> WORK REQUIRED:
From the line containing "Chirurgia e pecore da laboratorio" to the line containing "Image of a jeweled clutch /purse" in the records below, set down every line exactly as it stands, both ends included, and skip the pictures.

> DATA TO USE:
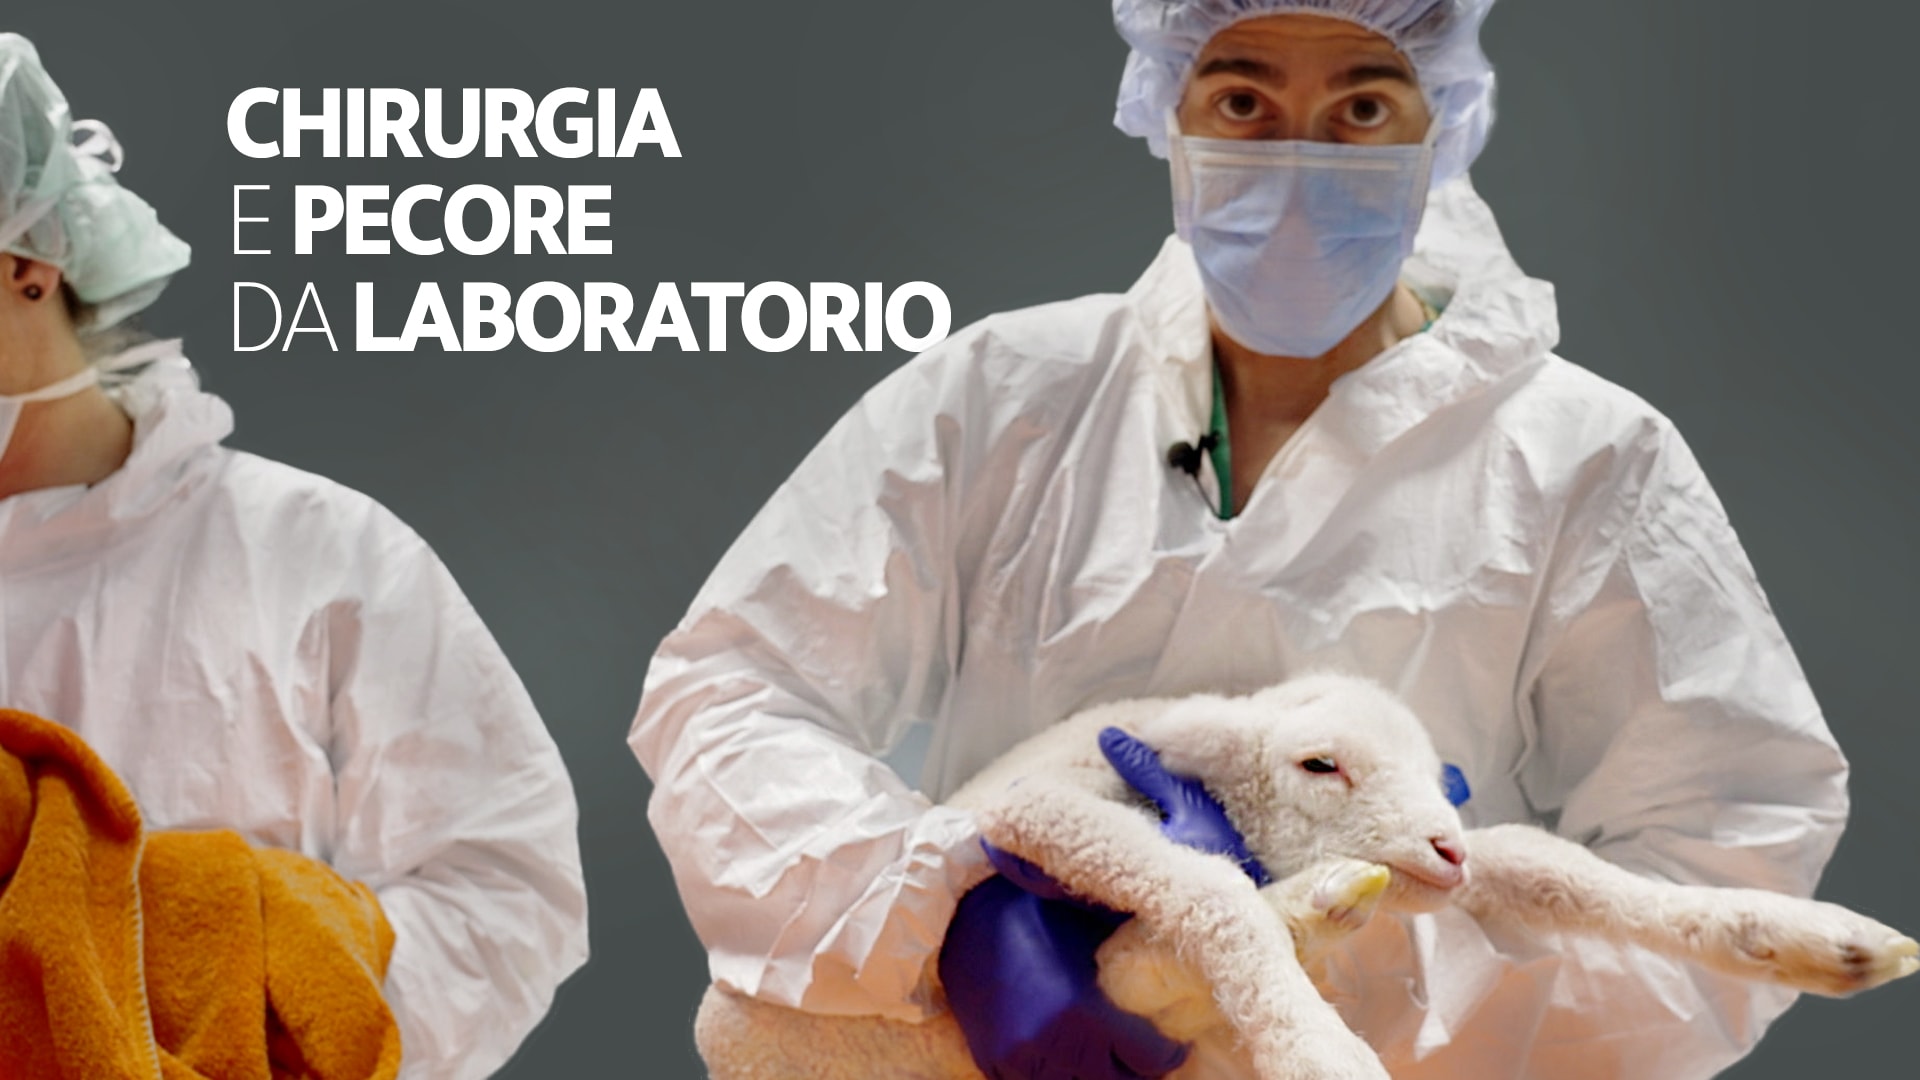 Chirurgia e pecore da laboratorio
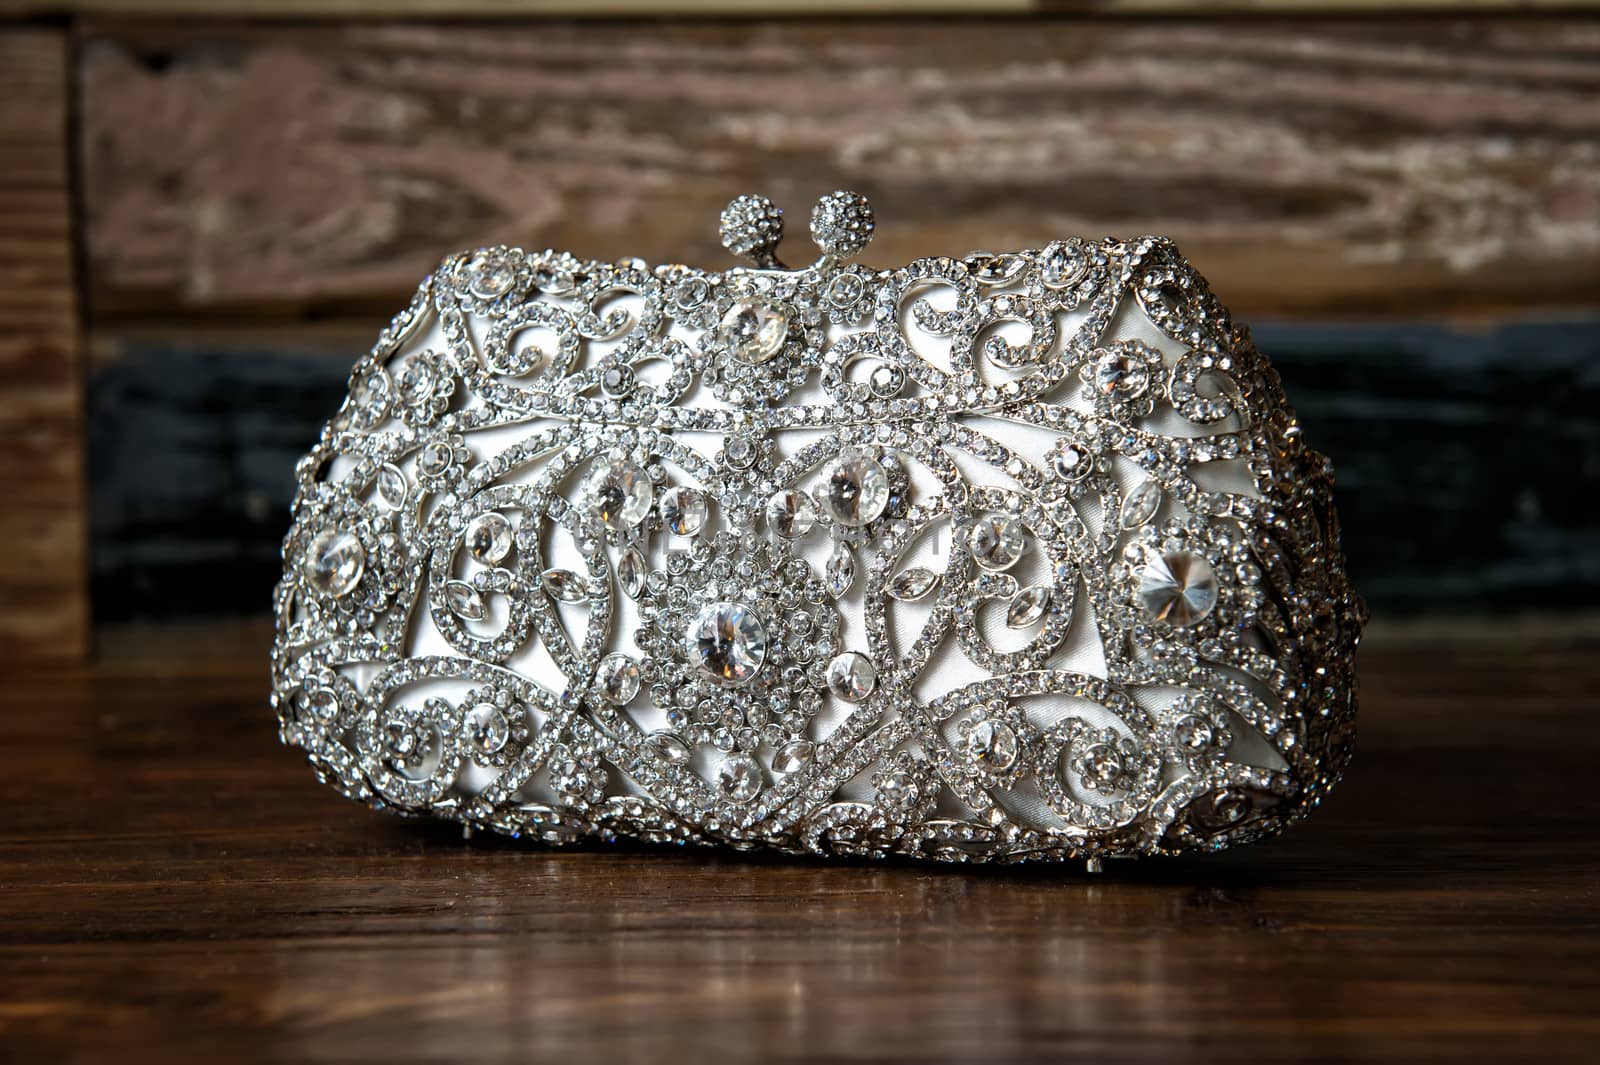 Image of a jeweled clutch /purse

...

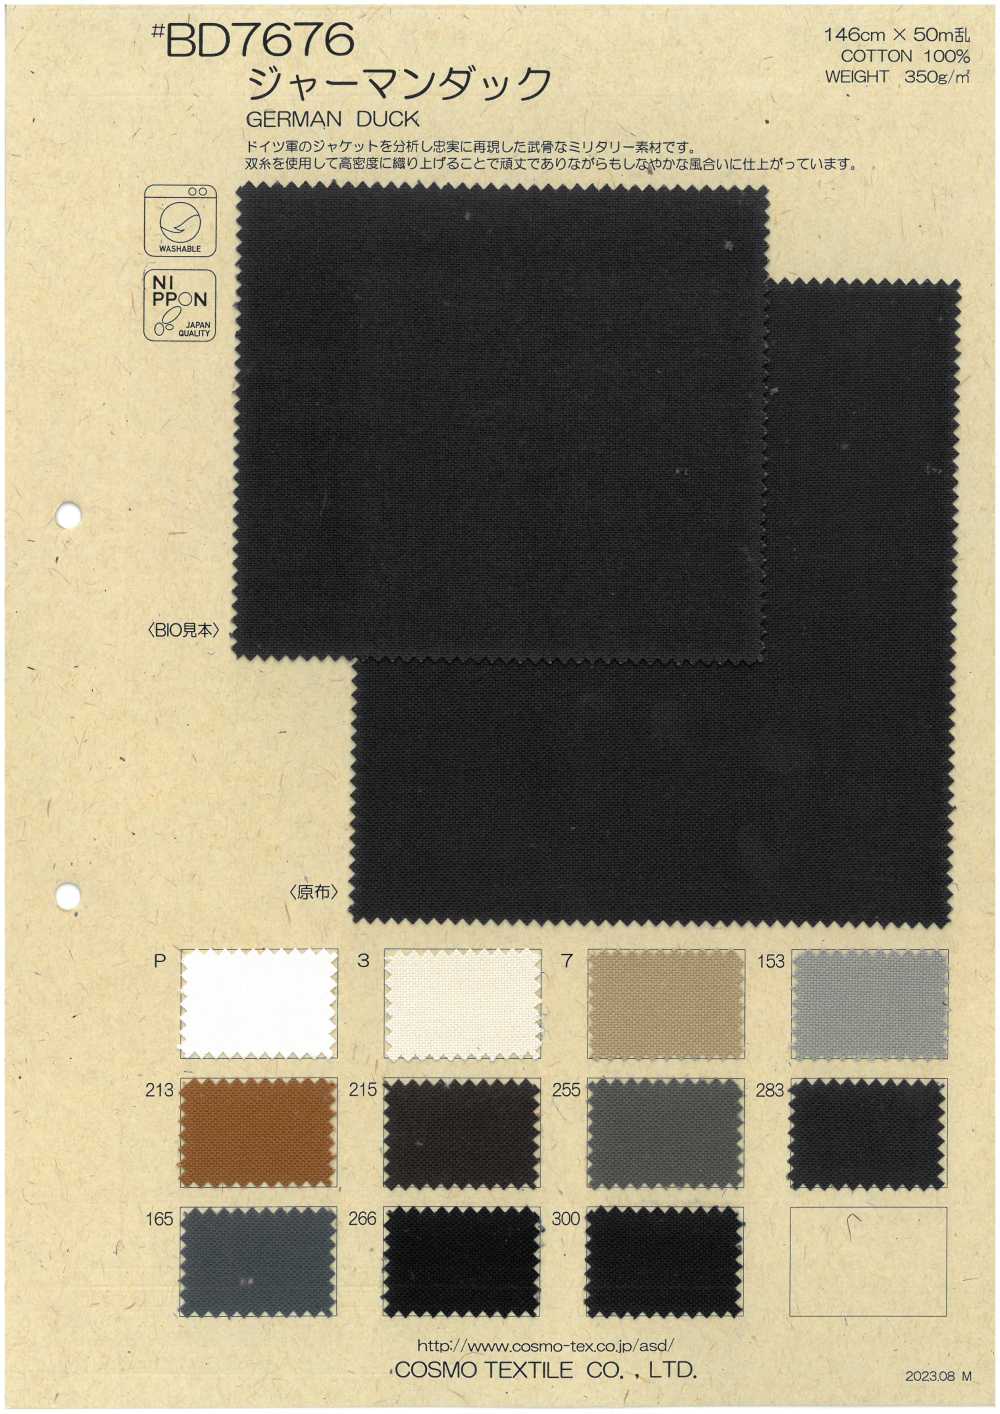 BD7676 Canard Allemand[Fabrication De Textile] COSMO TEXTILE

> WRITTEN RESPONSE:
 Chirurgia e pecore da laboratorio
 Image of a jeweled clutch /purse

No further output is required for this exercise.